SAO PAULO, Brazil -- Her right hand in a plaster cast, Josefa Gomes de Souza nervously recounted to a police chief how her husband, Adao Gomes Silva, in a rage threw her against a wall of their wooden shanty here.

In another room, Mr. Silva, a steel worker, stared sullenly at the floor and gave a differing version: "She doesn't have a scar on her body. She caught her thumb in the door."

Traditionally, wife battery rarely reaches Brazilian police stations, and more rarely, Brazilian courts.

But on a recent afternoon, Mr. Silva sat on a bench at a women's police station here, glumly facing the prospect of having to defend himself against criminal charges of assault.

The women's police stations, already 57 in Sao Paulo state, are an effort to end impunity afforded men who attack women in Latin America's most populous nation. Started in 1985, the stations are staffed by female officers and specialize in violent crimes against women.

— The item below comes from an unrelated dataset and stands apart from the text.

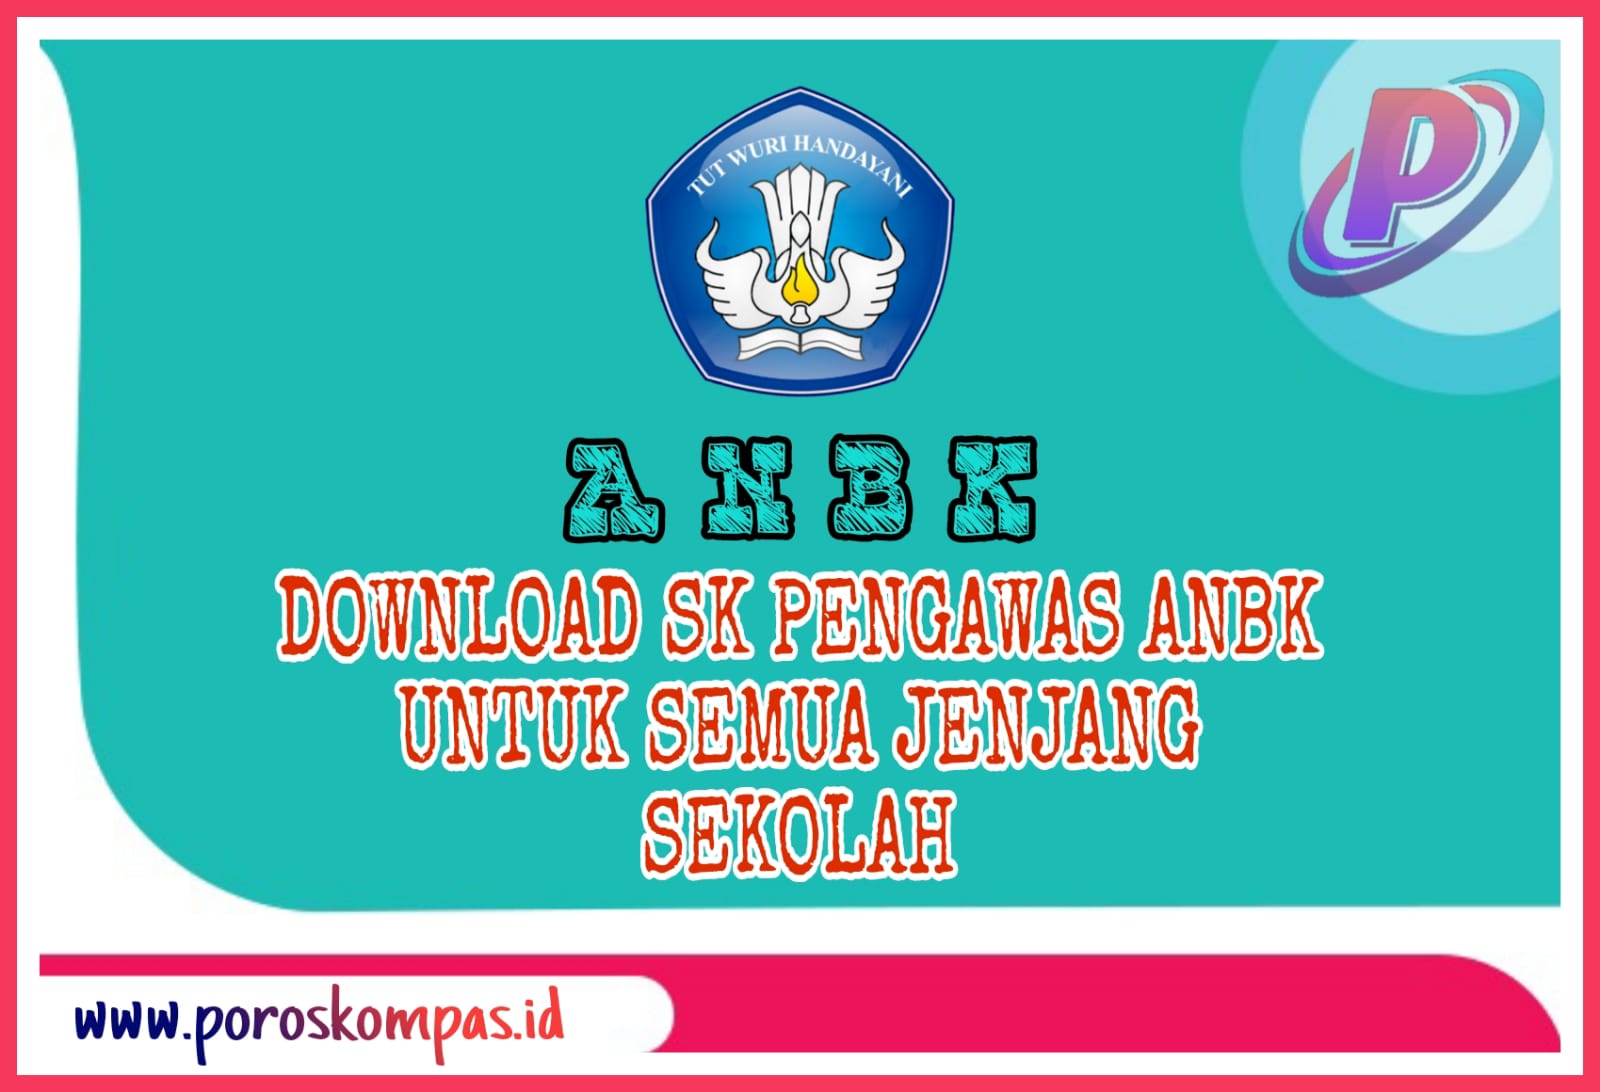 Download Contoh SK Pengawas ANBK

"It is still possible in Brazil for a man to kill his allegedly unfaithful wife and be absolved on the grounds of honor," Americas Watch, a New York-based human rights group, reported recently. "Rape is seldom investigated and rarely prosecuted."

In Rio de Janeiro, of more than 2,000 battery and sexual assault cases registered at one police station, none resulted in punishment of the accused, the station chief told Americas Watch. In more than 4,000 cases reported in the city of Sao Luis, only two resulted in punishment.